Our external constituents are driving a new movement within the testing profession. Recent external landscape 'drivers' such as the Ohio Board of Regents, Alliance of States (Complete College America), and the Governor collectively contributed to the formation of new College Strategic Goals to meet performance standards. We examined our current structure including an environmental scan and audit of our testing services, products and vendors, staff, and physical resources of our two campuses and three regional learning testing centers. Data-driven decisions were made to construct a comprehensive campus testing strategy. Several criteria were reviewed to determine what changes are needed within testing at the college, such as our core and ancillary testing services, test center locations and center hours, among others, in order to continuously improve services, meet demands, and ultimately support the strategic goals of the college. Come hear the results!
2E Empowered by Psychometrics: Using Item Analysis to Guide Item Revision
One of the primary complaints voiced by NCTA members is the feeling of being marginalized and uninvolved in campus decision making, even surrounding testing initiatives. One strategy for overcoming this is to establish the testing office as the home for measurement services on campus and to actively offer expertise to the faculty and administration on test development and educational measurement. This session, which will hopefully become the first in a series of psychometric training sessions to be presented at the annual meeting, will tackle the art and science of item analysis, including how faculty can (and should) use item analysis to drastically improve the quality of their classroom assessments. In this session, participants will learn what item analysis is and come to understand the wealth of information it provides about the quality and effectiveness of an item. They will get to apply what they learn in small group settings to analyze and discuss sets of item statistics! Participants will also be provided with resources they can adapt and share with their faculty. At the conclusion of the workshops, attendees will help select the psychometric training topic to be proposed for the 2014 conference.
Session 3
3A Let's Give 'Em Something to Talk About
Are you feeling "so lonesome I could cry" or want to "take this job and shove it" if you don’t get some help? Does your center have a policy or protocol for "Rockin’ Pneumonia and the Boogie-Woogie Flu"? Two Southern ladies will facilitate conversation about various topics in testing. Though our positions and testing environments may be different, we are similar when it comes to testing concerns. Join us for our take on a roundtable-style session that is made-to-order.

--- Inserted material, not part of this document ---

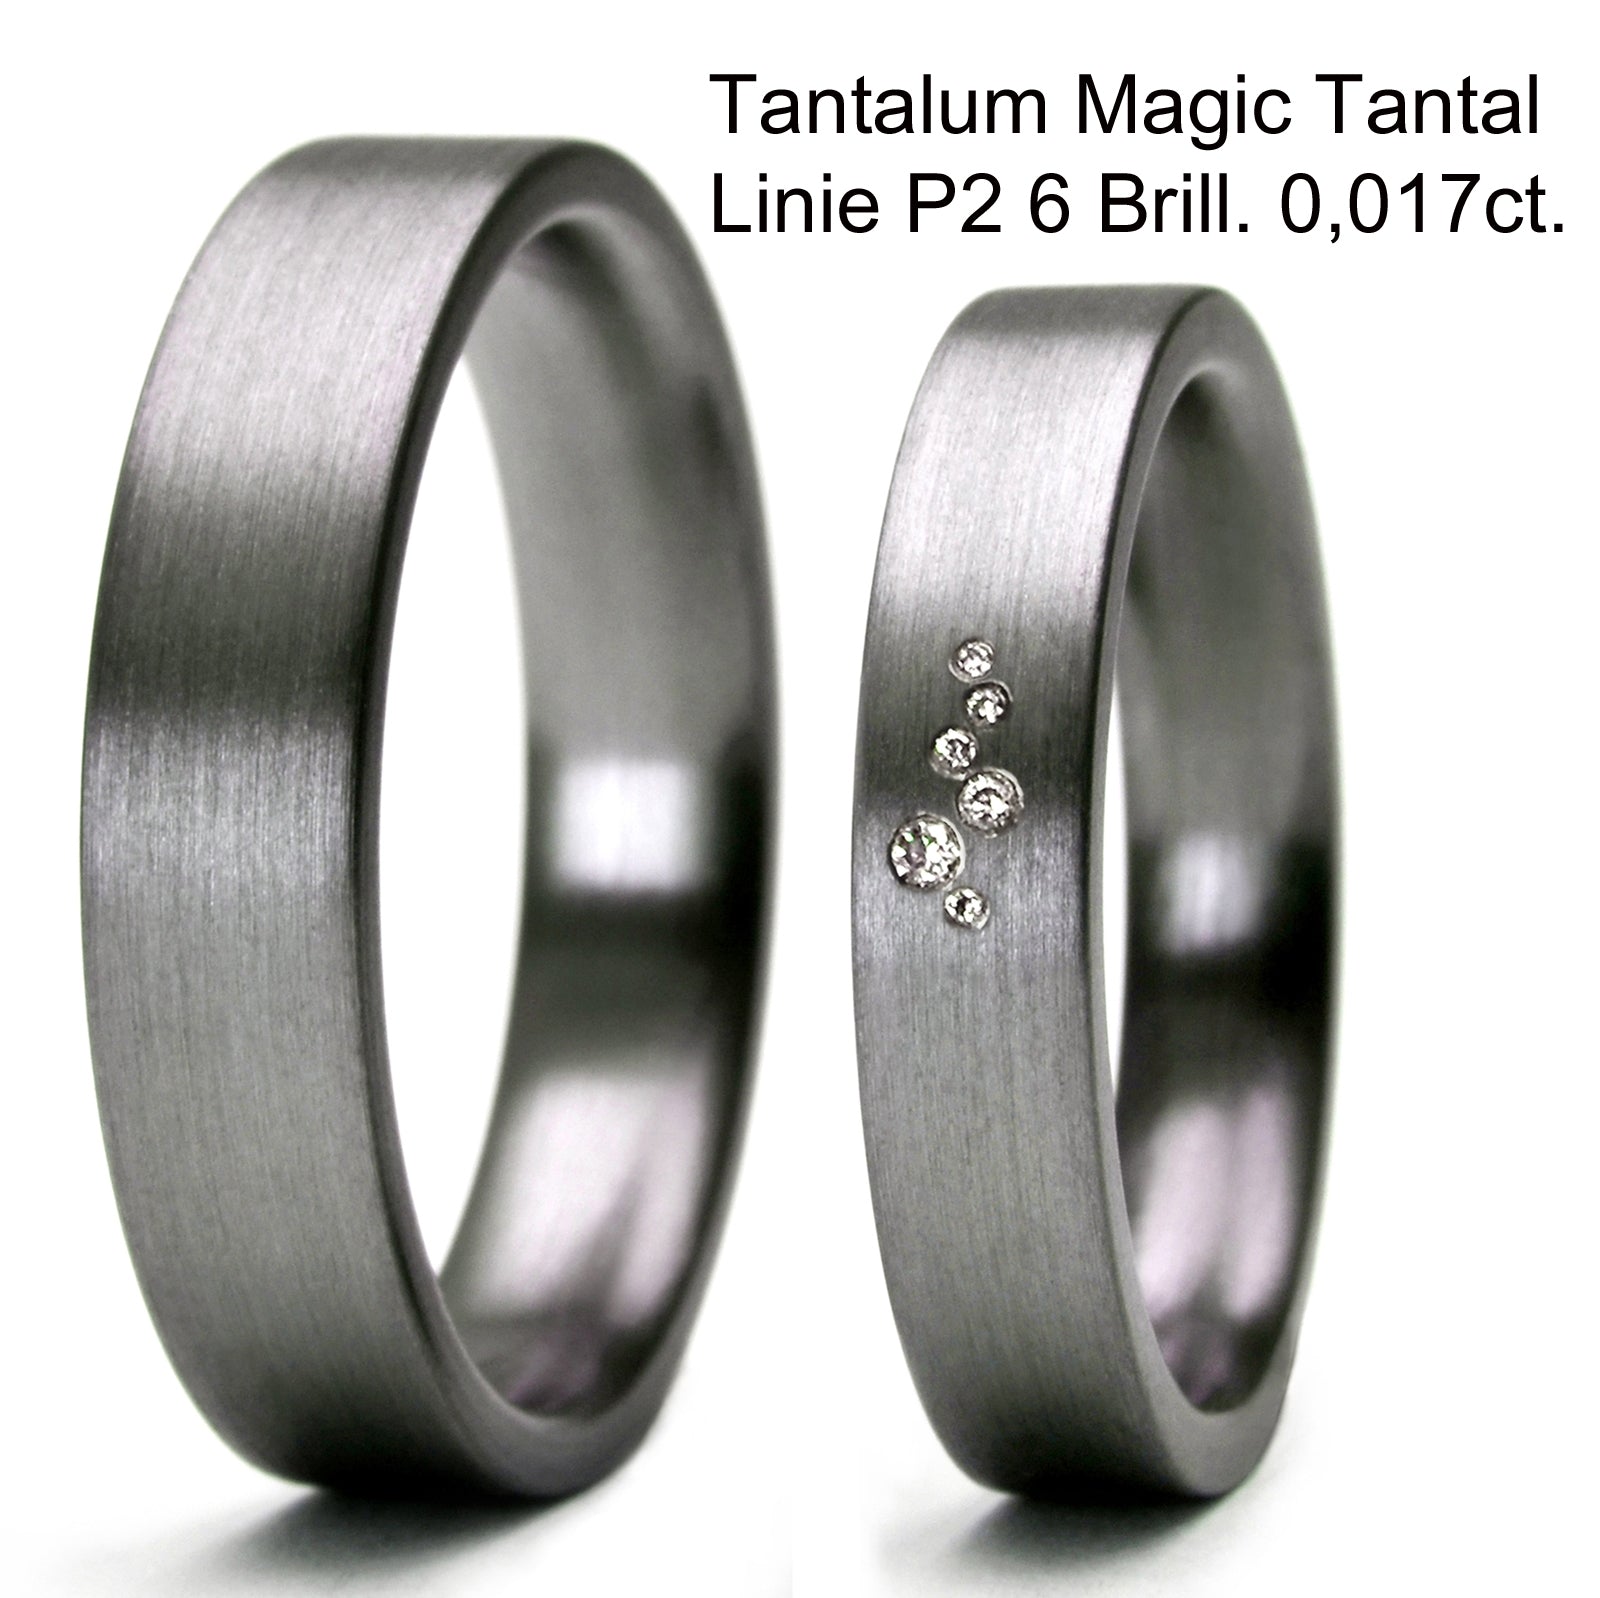 Tantalum Magic Tantal Eheringe Linie P2 6 Brill. 0,017ct..jpg

Attendees will select topics from our list of common concerns that test centers face today. Participation is encouraged and welcomed. There will be some music as you share your dilemmas, solutions, and ideas. There may even be some dancin’. We hope you will leave recharged knowing you are not alone; together we can face the music.
3B MOOCs and the Future of College Testing Centers
The emergence and surging popularity of Massively Open Online Courses (MOOCs) over the past year have brought to light major operational concerns for providers that will need to be addressed. Currently, start-ups such as Coursera are looking to tap into revenue streams by gaining accreditation for their courses. In doing so, they will be able to charge a small amount for certification of course completion, whereby students will potentially gain transferable credit to universities that recognize the courses’ value. Many educators, however, express concern over whether the same standards of academic integrity can be enforced in the MOOC environment as in the traditional classroom setting. In reality, this has been an issue of contention long before the emergence of the MOOC phenomenon and is a perennial topic of debate within the field of online education. The fact of the matter is that solutions do exist for ensuring academic integrity in online education, and the adoption of these solutions can provide distance education programs with the same standards and quality as the traditional classroom.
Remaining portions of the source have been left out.